Si l'élection de Barack Obama à la Maison Blanche a levé l'incertitude politique pesant sur la première économie mondiale, les marchés boursiers n'étaient pas euphoriques mercredi, notamment en Europe, et l'horizon économique restait bouché pour de nombreuses entreprises.

Après des clôtures en forte hausse à Tokyo (+4,46%), Hong Kong (+3,67%) et Shanghai (+3,16%), les Bourses européennes ont ouvert dans le rouge mercredi matin, accentuant même leurs pertes en cours de séance.

A 10H15 GMT, Londres cédait ainsi 2,67%, Paris 2,71% et Francfort 2,02%. Mais il est vrai que les trois places européennes avaient anticipé la victoire du candidat démocrate en prenant plus de 4% chacune mardi.

«A présent, le marché devrait amorcer un nouveau +virage+ baissier», expliquait mercredi matin la maison de courtage Aurel.

Globalement, le dénouement de la présidentielle américaine est cependant perçu positivement par les analystes, «avec le sentiment que l'on a peut-être tourné la page» après des mois de campagne et une dramatique crise financière, observait à New York Marc Pado, de Cantor Fitzgerald.

Rappelant que «l'incertitude est le principal problème du marché», Sherrill Shaffer, ancien chef économiste à la Réserve fédérale de New York, s'attend lui aussi à une «stabilisation» des marchés après des semaines de tourmente.

A New York, Wall Street avait terminé en hausse mardi mais devrait imiter l'Europe en ouvrant dans le rouge mercredi. Vers 09H30 GMT, le contrat à terme sur le Dow Jones, censé préfigurer son évolution, perdait 1,61% et celui sur le Nasdaq reculait de 1,56%.

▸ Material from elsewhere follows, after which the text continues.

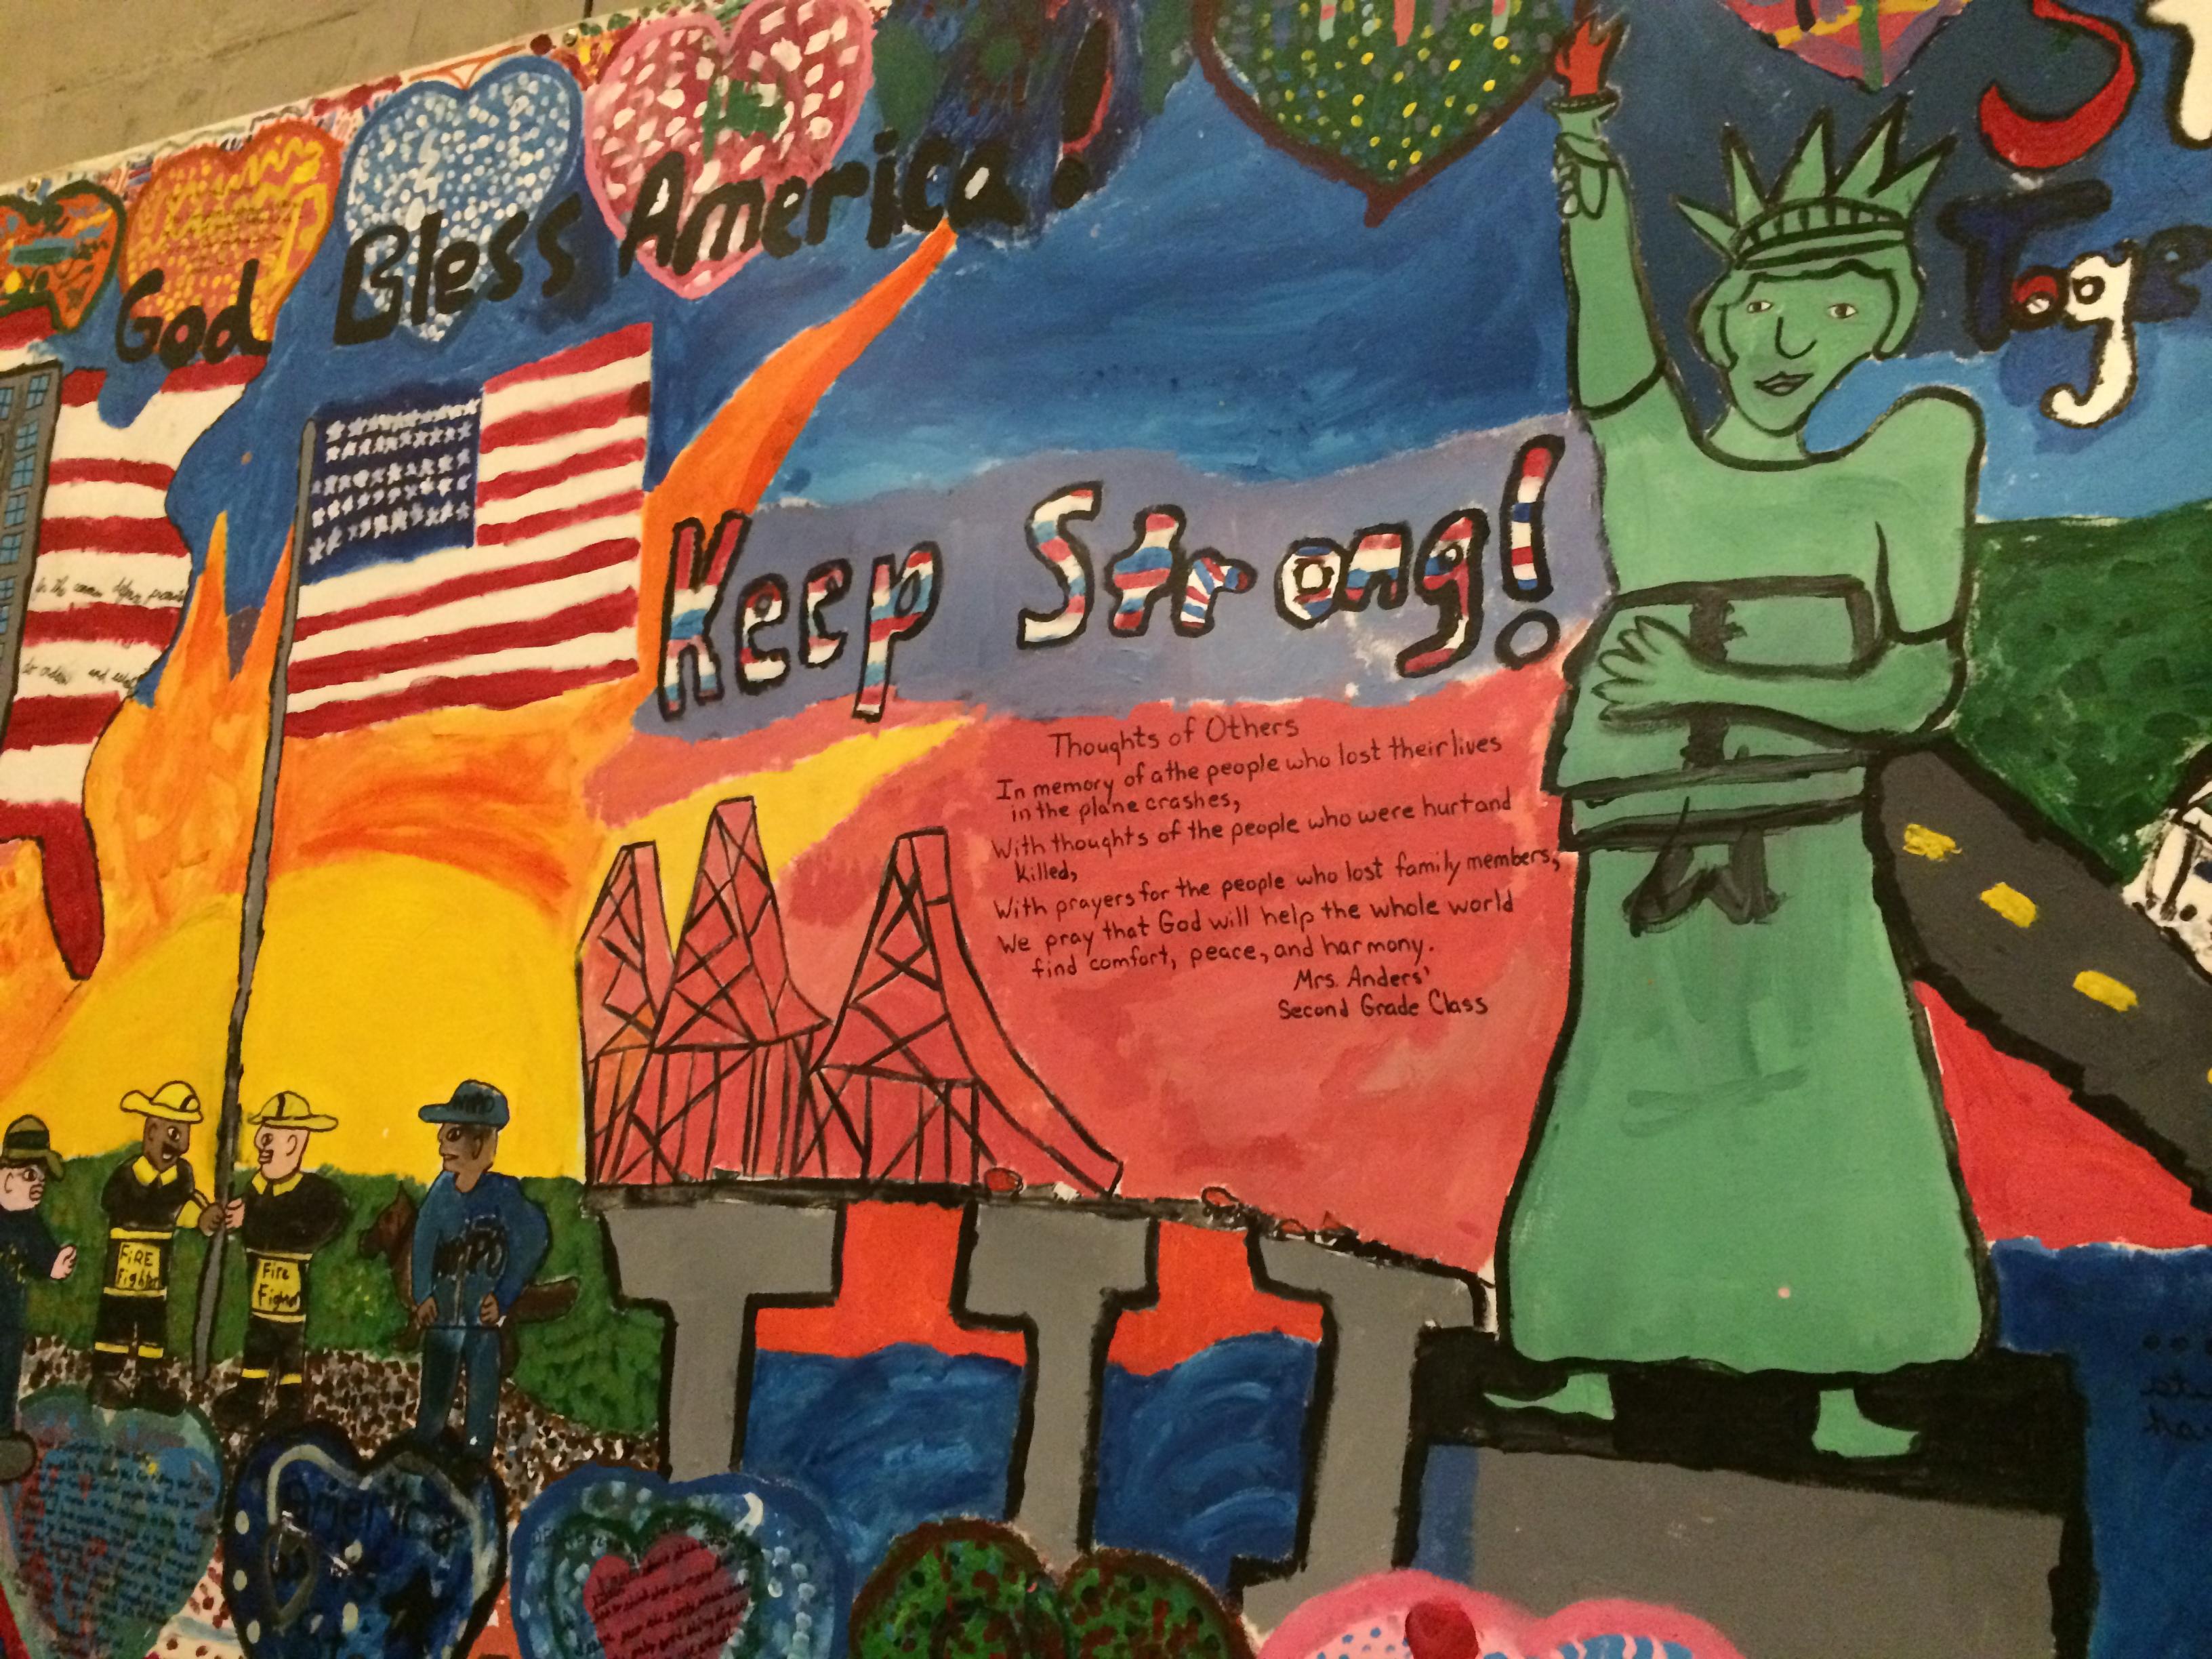 Mural from 9/11 Memorial in NYC

Autre grand indicateur de la santé de l'économie américaine, le dollar s'affichait en légère hausse mercredi face à l'euro sur les marchés asiatiques, la devise européenne repassant sous le seuil de 1,29 dollar.

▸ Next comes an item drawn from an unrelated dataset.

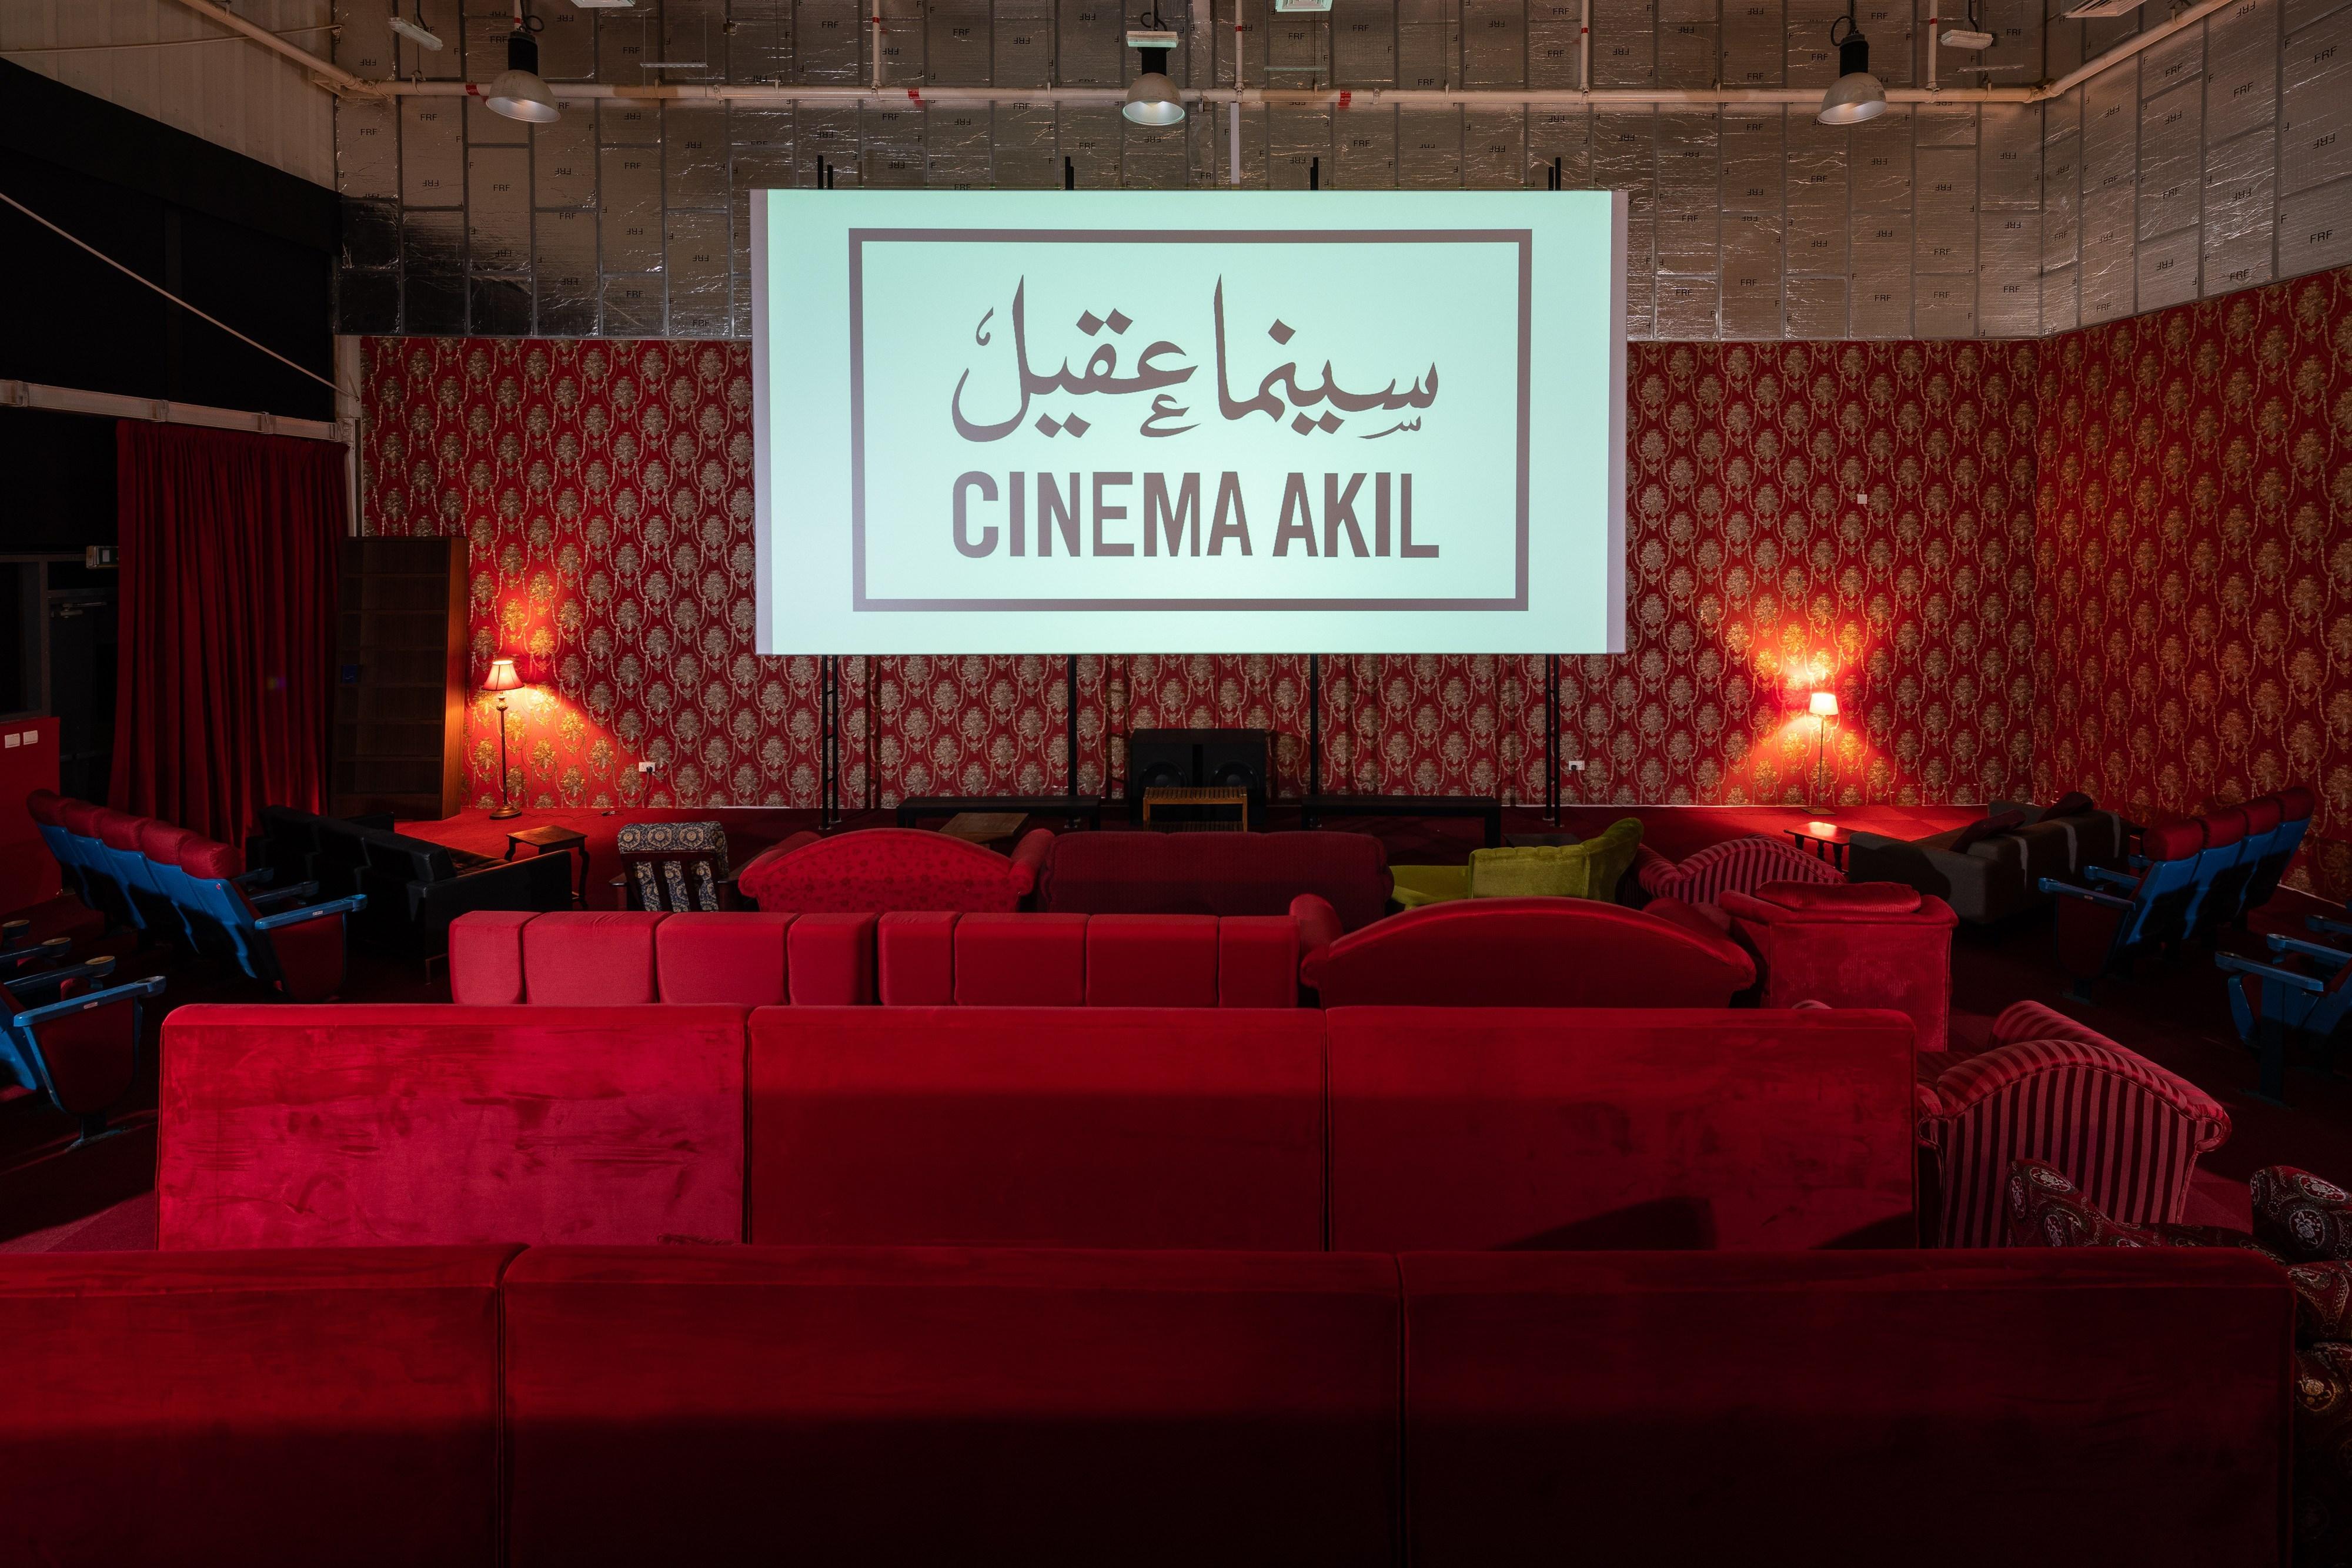 Cinema Akil Online Dubai 2020

«Que ce soit le dollar McCain ou le dollar Obama, la générosité de la politique budgétaire américaine devrait pousser le dollar vers de nouveaux plus hauts, même en pleine récession aux Etats-Unis», commentaient les analystes de Commerzbank quelques heures avant le verdict de l'élection américaine.

Quant au pétrole, il était en baisse mercredi matin, victime des nouvelles craintes d'une baisse de la demande causée par une croissance économique mondiale au ralenti. Dans les échanges matinaux, le baril de «light sweet crude» est repassé sous les 70 dollars, le baril de Brent retombant lui près des 65 dollars.

Sur le front des entreprises, la victoire d'Obama n'aura en tout cas pas d'impact immédiat. Cela «ne change pas grand chose à ce stade car les problèmes économiques restent là», a ainsi commenté R. Balakrishnan, directeur de la maison de courtage indienne Centrum Broking.

Dans les colonnes du Financial Times Deutschland, mercredi, Jürgen Stark, membre du directoire de la Banque centrale européenne (BCE), a également insisté sur le fait que la crise du secteur financier a «des conséquences dramatiques auxquelles nous serons confrontés pendant des années».

Comme pour confirmer ces prévisions pessimistes, les ventes du commerce de détail dans la zone euro ont reculé de 1,6% sur un an en septembre. Et l'indice composite des directeurs d'achat (PMI) pour le mois d'octobre en France a été revu en nette baisse, à 44 points, un plus bas historique.

Du côté des banques, la crise des «subprime» est elle encore loin d'être digérée. Le groupe bancaire français BNP Paribas a ainsi annoncé un bénéfice net en baisse de 55% sur un an au 3e trimestre 2008, avec une forte hausse des créances douteuses, près de deux fois supérieures à leur niveau de 2007.

Dans l'industrie, le ralentissement est également marqué et ArcelorMittal, numéro un mondial de l'acier, a annoncé mercredi une réduction de 30% de sa production pour le quatrième trimestre, contre 15% prévu initialement.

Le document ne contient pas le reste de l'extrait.